Train and Test Split

Train and Test SplitΒΆ

Since we have a relatively small number of fraudulent postings compared to non-fraudulent postings, we want to ensure that both the train and test set have the same percentage of fraudulent as the original dataset. In the original dataset, we have about 5% of fraudulent postings, so we will ensure that the train and test set have the same percentage to keep the representativeness of the train and test sets. We will use an 80%/20% split to ensure that we use the data with the balanced output class to avoid problems like overfitting or underfitting.

To do this split correctly, we will do a stratified train-test split using the train_test_split() function in the scikit-learn Python machine-learning library.

Here is the code I used to create the train and test set.

import pandas as pd 
from sklearn.model_selection import train_test_split
data = pd.read_csv("./data/fake_job_postings.csv")
y = data.iloc[:, -1]
X = data.iloc[:, :-1]
X_train, X_test, y_train, y_test = train_test_split(X, y, test_size = 0.2, random_state = 42, stratify = y)
---------------------------------------------------------------------------
ModuleNotFoundError                       Traceback (most recent call last)
Cell In[1], line 1
----> 1 import pandas as pd 
      2 from sklearn.model_selection import train_test_split
      3 data = pd.read_csv("./data/fake_job_postings.csv")
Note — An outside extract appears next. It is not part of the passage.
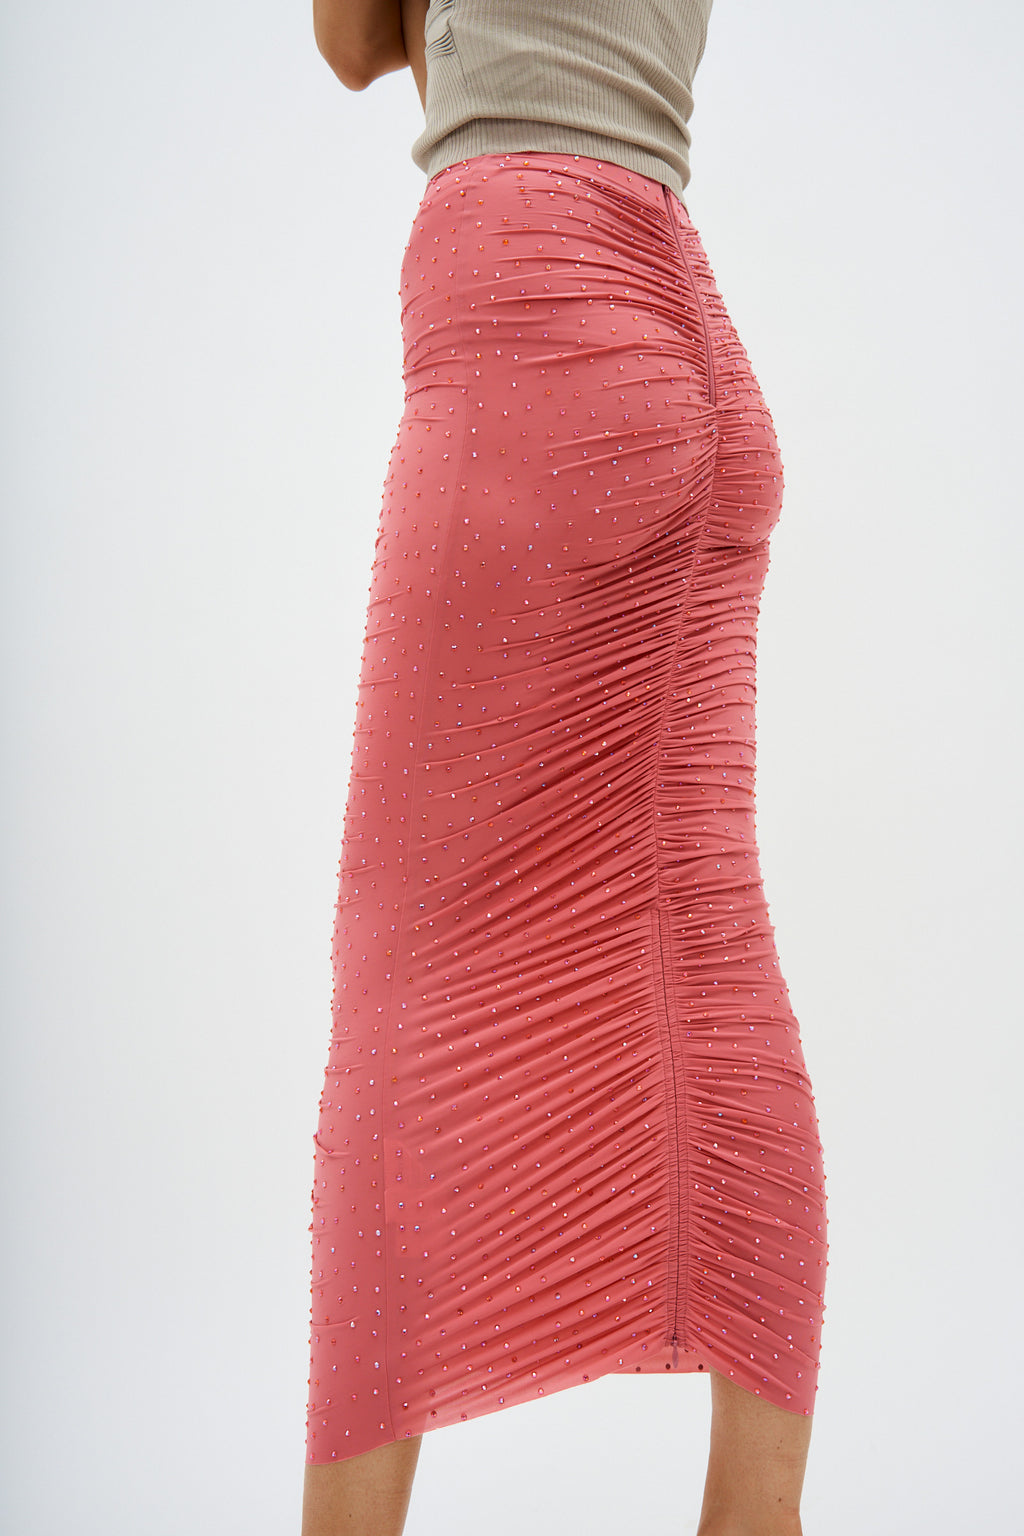 Ruched Crystal Jersey Garnet Rose Skirt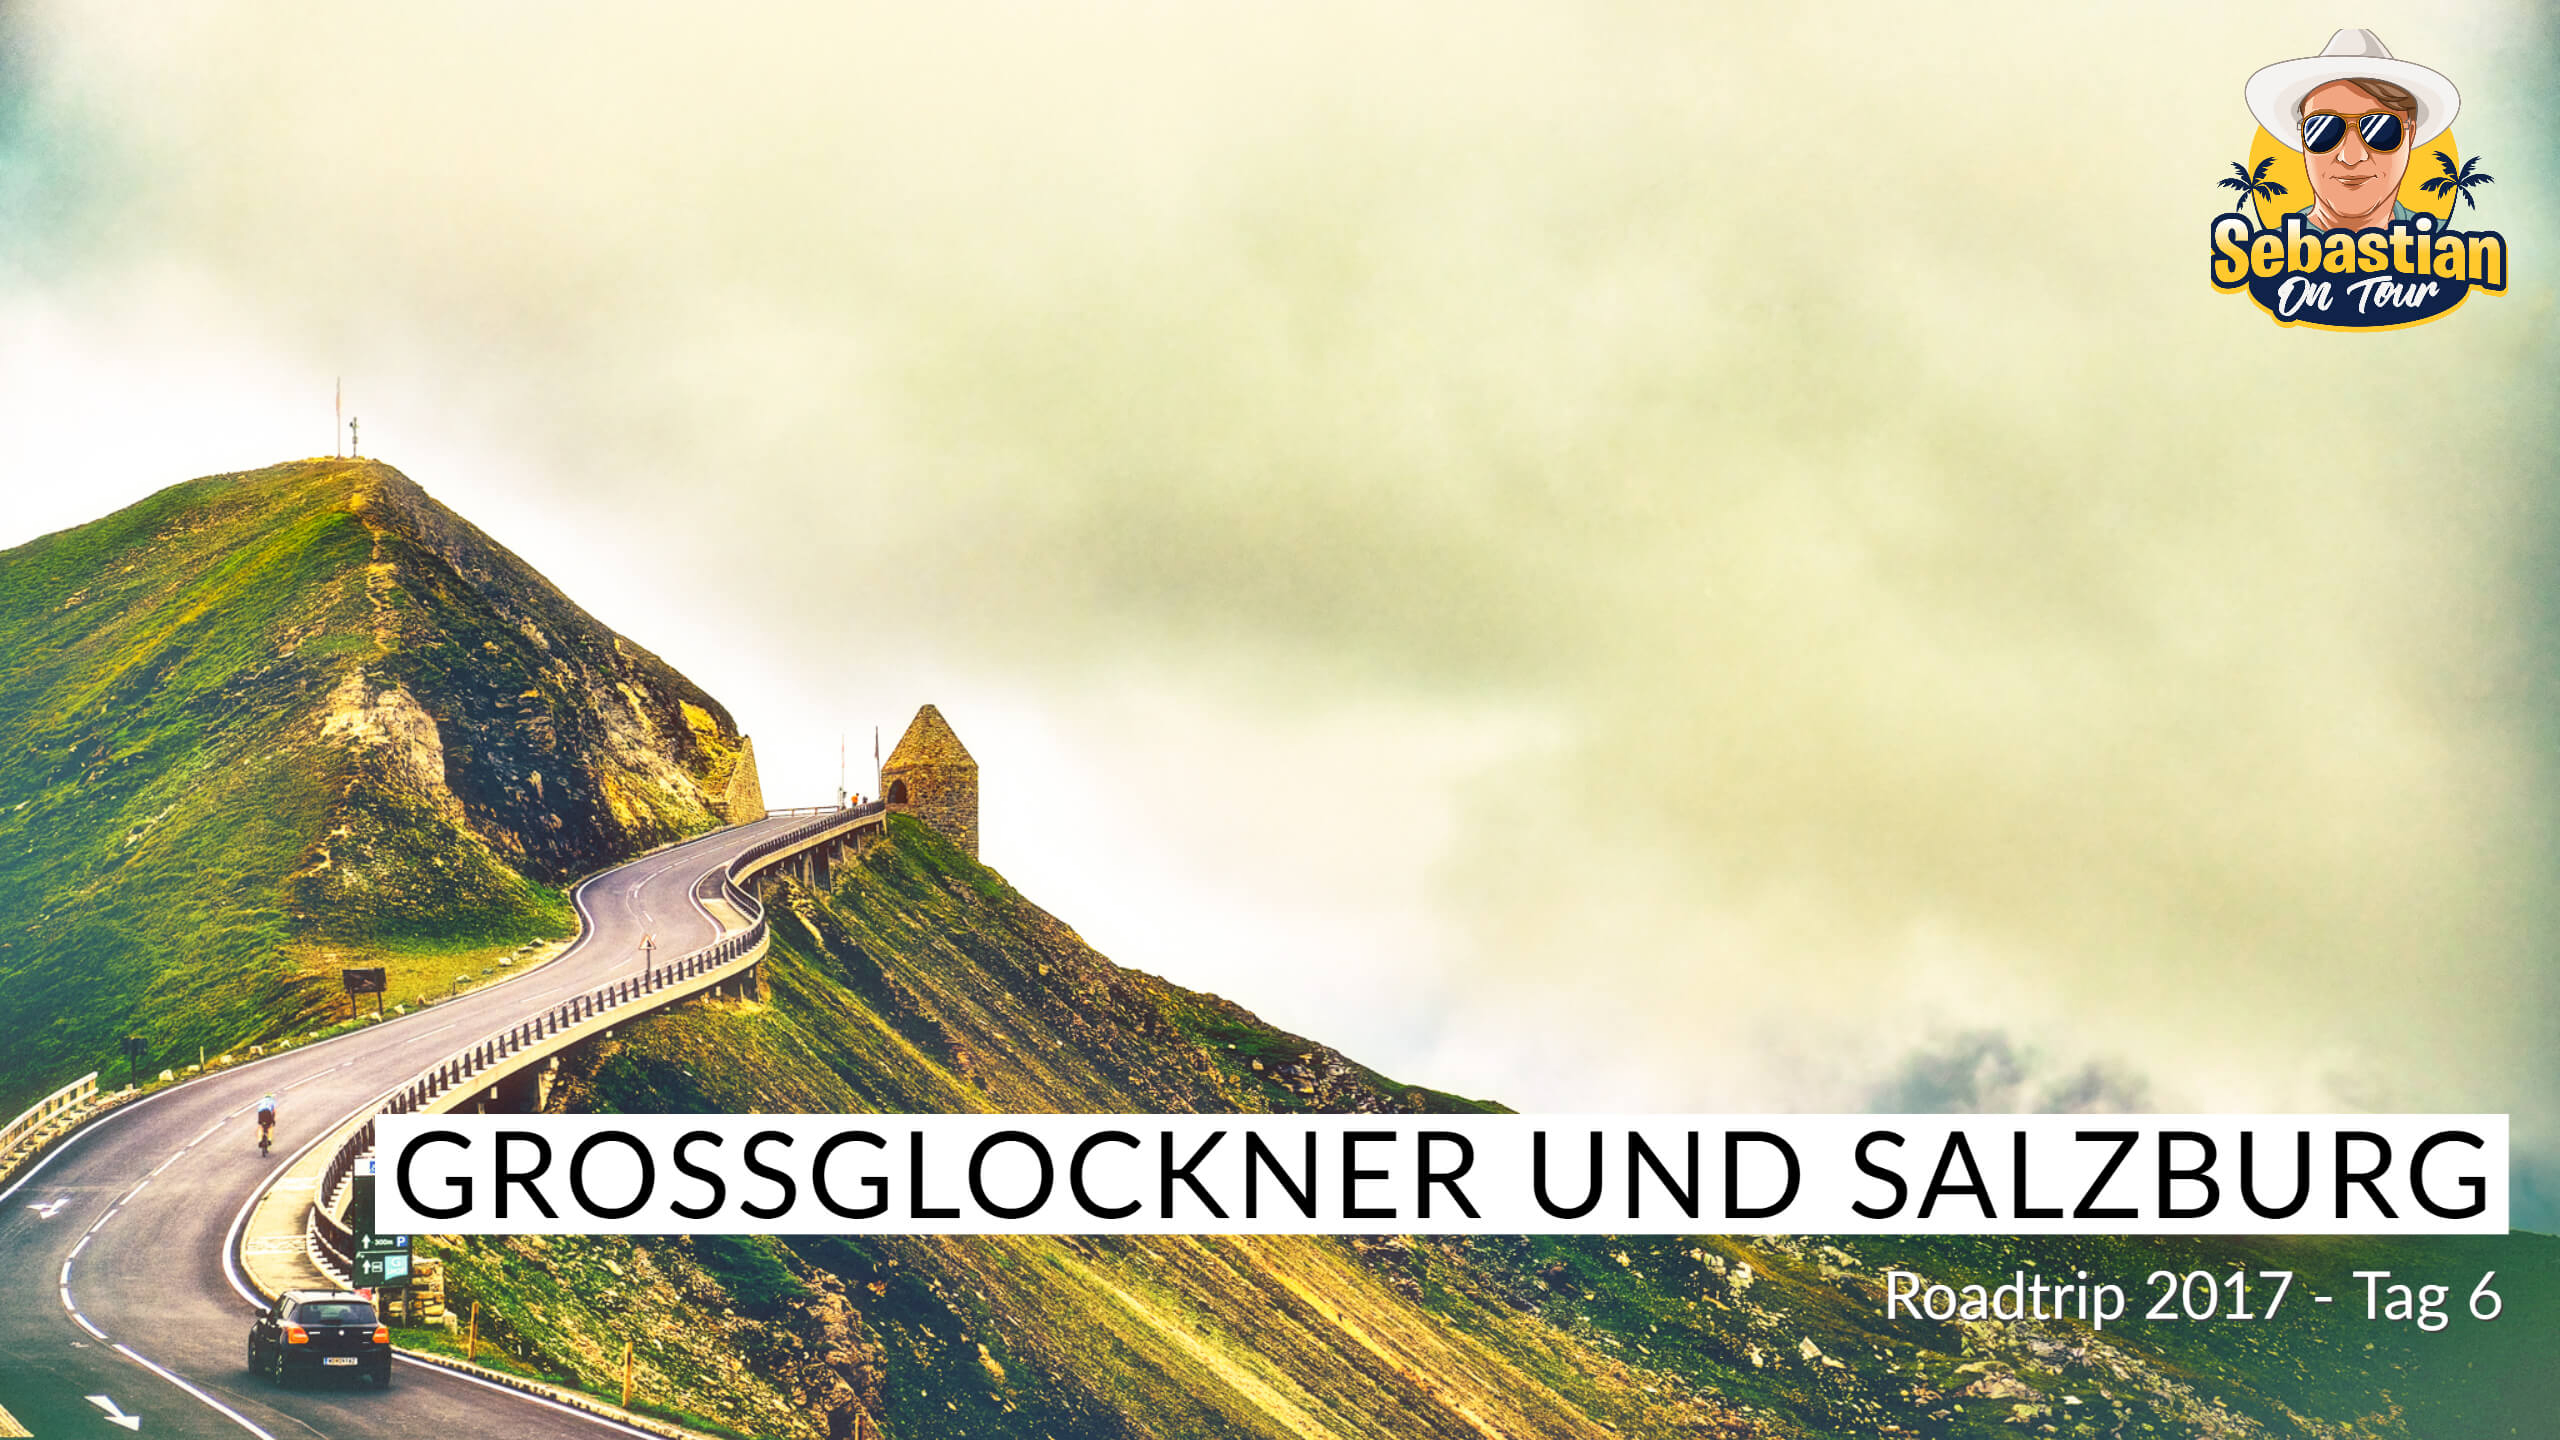 Grossglockner und Salzburg - Cabrio Tour 2017 - Tag 6

ModuleNotFoundError: No module named 'pandas'

We will use the random_state = 42 to ensure that we get same train and test set throughout the book.

Note

In the original project, the raw training set had 5362 rows with 259 fradulent and the test set had 5000 rows with 50 fradulent. We had 5% of fradulent on the training set while we only have 1% of fradulent on the test set, indicating the train and test set for the original project were not created through a stratified train-test split.